[Sidenote] Wayne, J., Opinion in the Dred
Scott case, 19 Howard,
pp. 454-5.
The judges were, after all, but men. They dined, they talked, they exchanged daily personal and social courtesies with the political world. Curiosity, friendship, patriotism, led them to the floors of Congress to listen to the great debates. Official ceremony called them into the presence of the President, of legislators, of diplomats. They were feasted, flattered, questioned, reminded of their great opportunity, tempted with the suggestion of their supreme authority.[4] They could render their names illustrious. They could honor their States. They could do justice to the South. They could perpetuate their party. They could settle the slavery question. They could end sectional hatred, extinguish civil war, preserve the Union, save their country.
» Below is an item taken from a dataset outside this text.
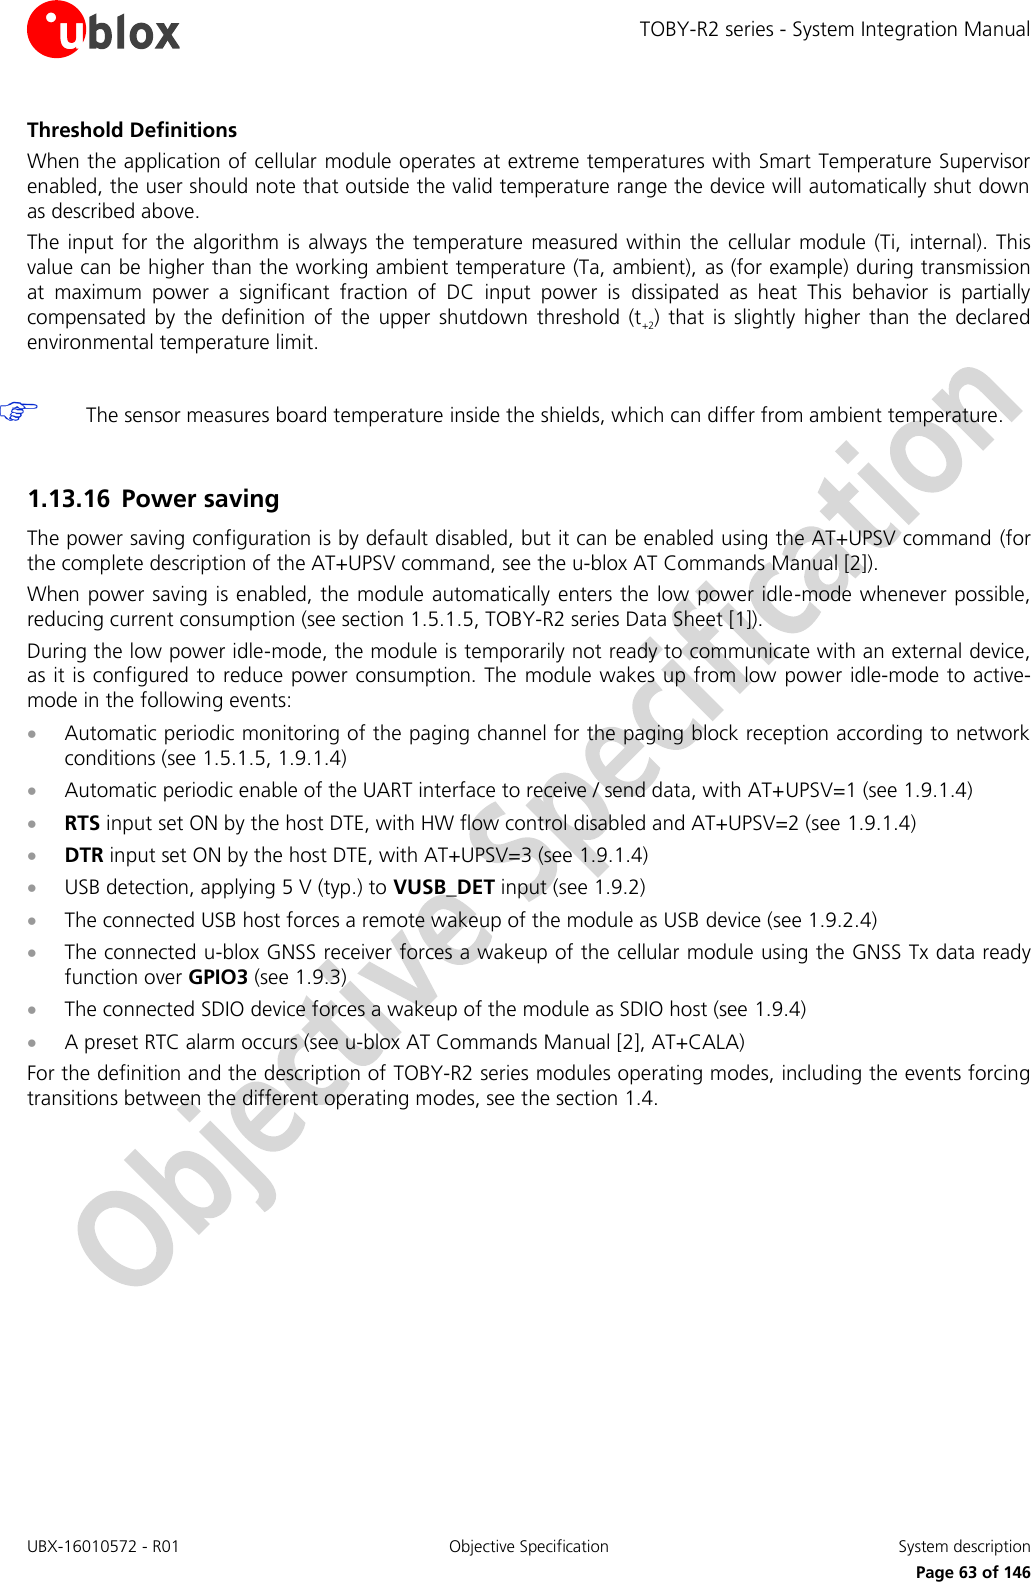 TOBY-R2 series - System Integration Manual UBX-16010572 - R01  Objective Specification  System description     Page 63 of 146 Threshold Definitions When the application of cellular module operates at extreme temperatures with Smart Temperature Supervisor enabled, the user should note that outside the valid temperature range the device will automatically shut down as described above. The  input  for the  algorithm  is always  the  temperature  measured within  the  cellular  module (Ti,  internal). This value can be higher than the working ambient temperature (Ta, ambient),  as (for example) during transmission at  maximum  power  a  significant  fraction  of  DC  input  power  is  dissipated  as  heat  This  behavior  is  partially compensated  by  the  definition  of  the  upper shutdown  threshold  (t+2)  that  is slightly  higher  than  the  declared environmental temperature limit.   The sensor measures board temperature inside the shields, which can differ from ambient temperature.  1.13.16 Power saving The power saving configuration is by default disabled, but it can be enabled using the AT+UPSV command (for the complete description of the AT+UPSV command, see the u-blox AT Commands Manual [2]). When power saving is enabled, the module automatically enters the low power idle-mode whenever possible, reducing current consumption (see section 1.5.1.5, TOBY-R2 series Data Sheet [1]). During the low power idle-mode, the module is temporarily not ready to communicate with an external device, as it is configured to reduce power consumption. The module wakes up from  low power idle-mode to active-mode in the following events:  Automatic periodic monitoring of the paging channel for the paging block reception according to network conditions (see 1.5.1.5, 1.9.1.4)  Automatic periodic enable of the UART interface to receive / send data, with AT+UPSV=1 (see 1.9.1.4)   RTS input set ON by the host DTE, with HW flow control disabled and AT+UPSV=2 (see 1.9.1.4)   DTR input set ON by the host DTE, with AT+UPSV=3 (see 1.9.1.4)   USB detection, applying 5 V (typ.) to VUSB_DET input (see 1.9.2)  The connected USB host forces a remote wakeup of the module as USB device (see 1.9.2.4)  The connected u-blox GNSS receiver forces a wakeup of the cellular module using the GNSS Tx data ready function over GPIO3 (see 1.9.3)  The connected SDIO device forces a wakeup of the module as SDIO host (see 1.9.4)  A preset RTC alarm occurs (see u-blox AT Commands Manual [2], AT+CALA) For the definition and the description of TOBY-R2 series modules operating modes, including the events forcing transitions between the different operating modes, see the section 1.4. 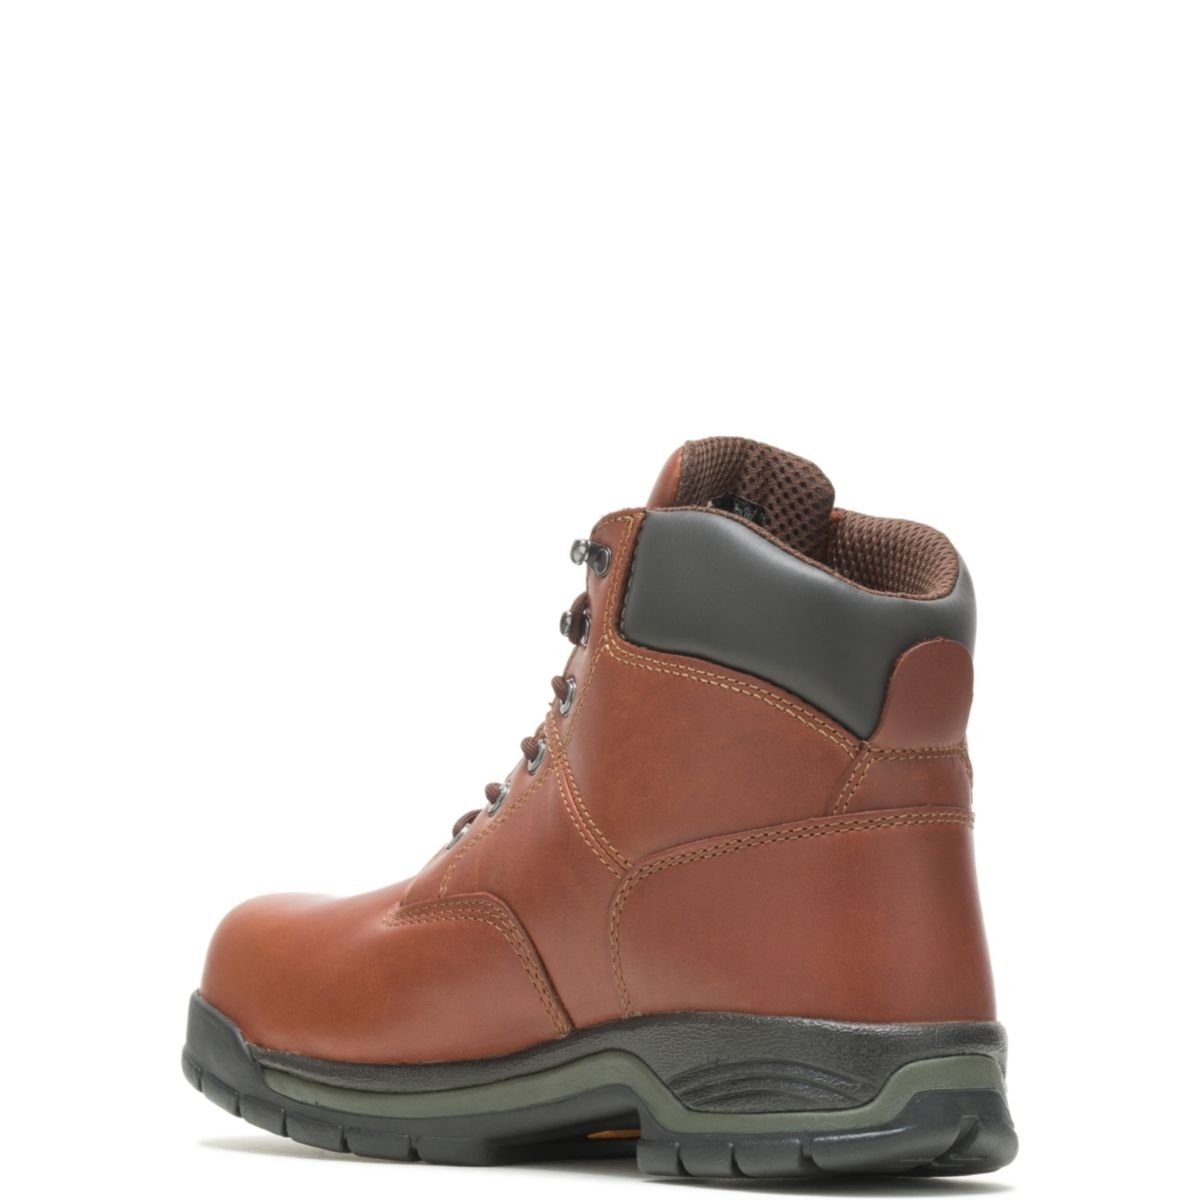 WOLVERINE Men's Harrison 6 Lace-Up SoftToe Work Boot Brown - W04906 Varies BROWN - BROWN, 7.5

Advanced age, physical feebleness, party bias, the political ardor of the youngest and the satiety of the eldest, all conspired to draw them under the insidious influence of such considerations. One of the judges in official language frankly avowed the motive and object of the majority of the court. “The case,” he wrote, “involves private rights of value, and constitutional principles of the highest importance, about which there had become such a difference of opinion that the peace and harmony of the country required the settlement of them by judicial decision.” This language betrays the confusion of ideas and misconception of authority which tempted the judges beyond their proper duty. Required only to decide a question of private rights, they thrust themselves forward to sit as umpires in a quarrel of parties and factions.
[Sidenote] Campbell to Tyler, Tyler, p. 384.
[Sidenote] Nelson to Tyler, Tyler, p. 385.
In an evil hour they yielded to the demands of “public interest,” and resolved to “fulfill public expectation.” Justice Wayne “proposed that the Chief-Justice should write an opinion on all of the questions as the opinion of the court. This was assented to, some reserving to themselves to qualify their assent as the opinion might require. Others of the court proposed to have no question, save one, discussed.” The extraordinary proceeding was calculated to touch the pride of Justice Nelson. He appears to have given it a kind of sullen acquiescence. “I was not present,” he wrote, “when the majority decided to change the ground of the decision, and assigned the preparation of the opinion to the Chief-Justice; and when advised of the change I simply gave notice that I should read the opinion I had prepared as my own, and which is the one on file.” From this time the pens of other judges were busy, and in the inner political circles of Washington the case of Dred Scott gradually became a shadowy and portentous cause celebre.